Sampiro made me want to never eat at CfA again, just in case someone thought I hated them for being gay. How horrible of a feeling! It’s like this whole media blowup over CfA is making us draw lines in the sand…is a chicken sandwich really worth that much? I think moral boycotts are typically silly, but you’d have to live under a rock to not know what’s going on.

I’m so sorry Sampiro. Those people are mean and ugly and stupid to boot.

On my local news, they interviewed several people about their reasons for being at CFA and not a one of them made any sense. One big stupid oaf said he was only there because of all the governors all over the country that were now denying permits to any christian business that wanted to open. I am unaware of any such events, but he seemed very convinced.

I want to believe that we are making progress, but this is certainly disheartening.

Sampiro I’m so sorry you’re feeling the way you are. There are many of us that will never set foot in a Chick-Fil-A. Just know that you have people that support you right here. I know it doesn’t seem like much, but we’re here to fight for you and the equal rights of homosexual men and women. Be proud of who you are, and feel sorry for those who are ignorant.
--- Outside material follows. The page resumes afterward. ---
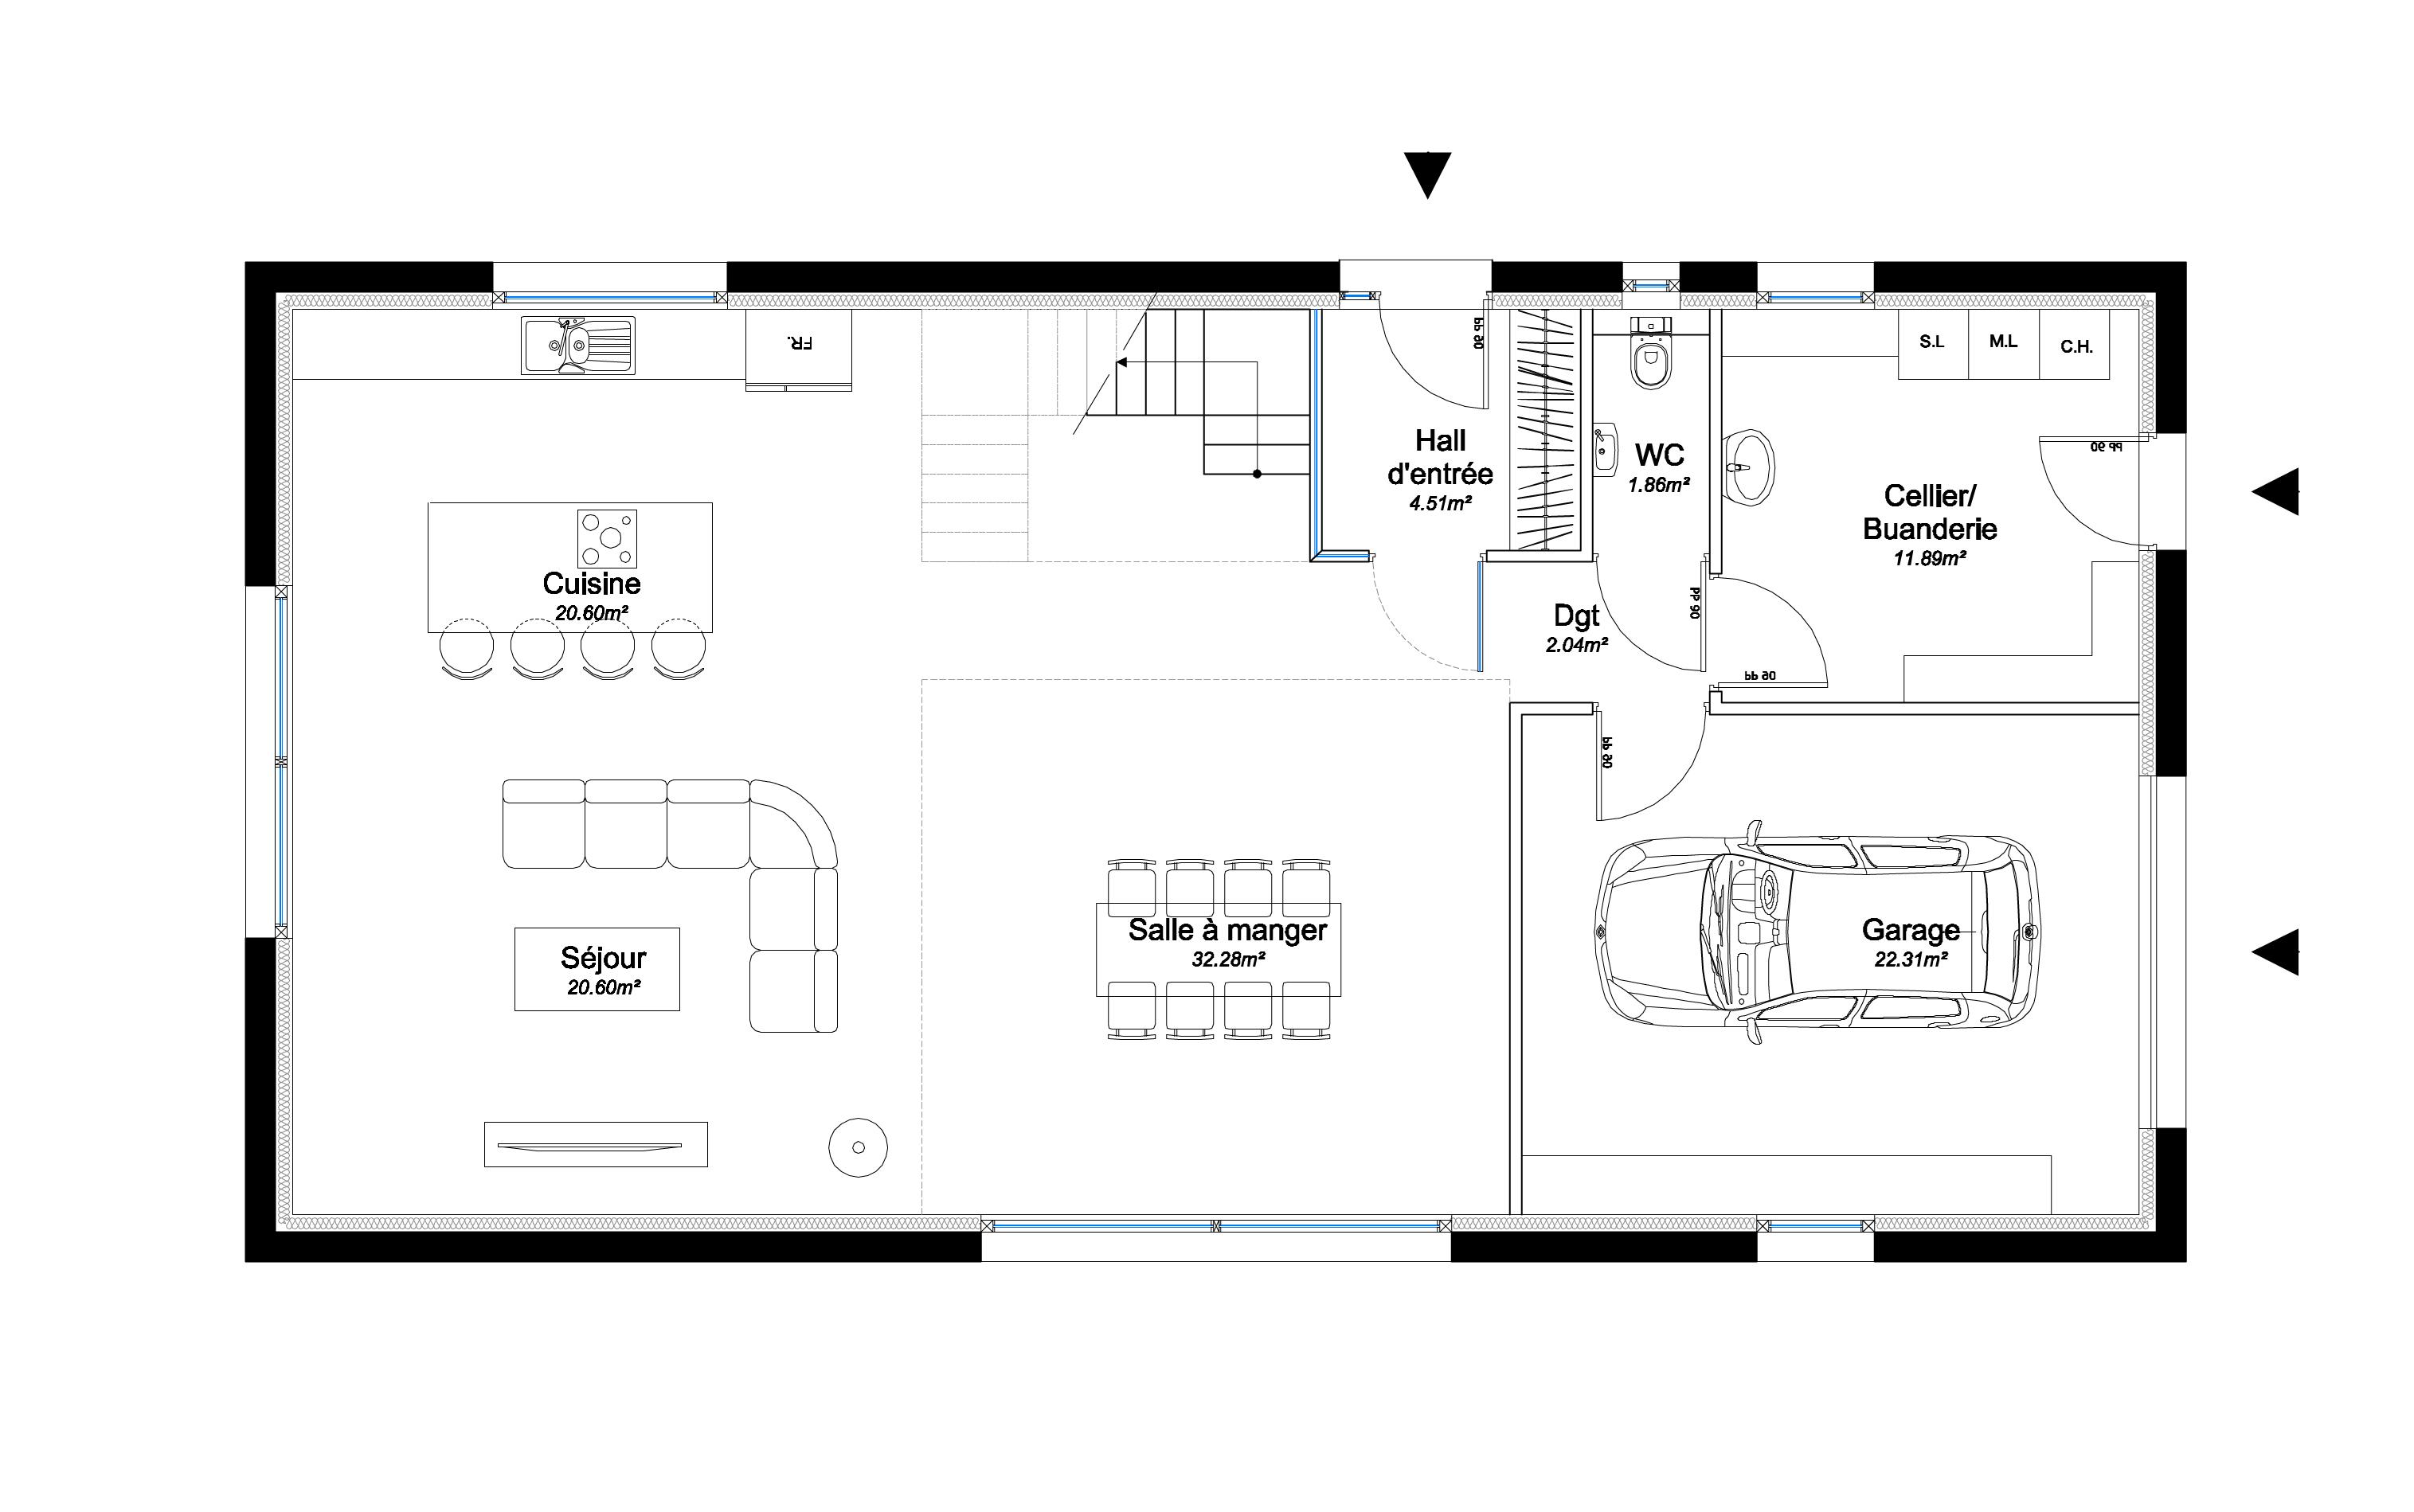 Construire une maison de 100m2 cool prix maison neuve m u for Construire une maison de 200m2

Sampiro, best of luck as you chart a new course to a different place.

Observation: people have pointed out how, when all is said and done, all the haters have is chicken. True. But this…this…food gesture, is so simple, so primal, that it speaks very loudly. It crystallized something in your mind, Sampiro, that had been present for your entire life.

Humans respond to simple, primal gestures. For all of the buffoonary of lining up for mor chikin, it seems to paint a clear picture of intolerance. One that, if anything, might accelerate the “tide of history.” It seems to have done that for you.

I disagree with Sampiro on one point: this was largely a Southern thing only because most of the CFAs are down here. If CFA had already established itself in Boston when Mr. Cathy made his remarks, Boston’s CFAs would have been jammed with the same Irish Catholic demographic that had rioted against school busing in the 1970’s, long after that issue had largely been settled in the South

Has anyone described it as “Colesternacht” yet?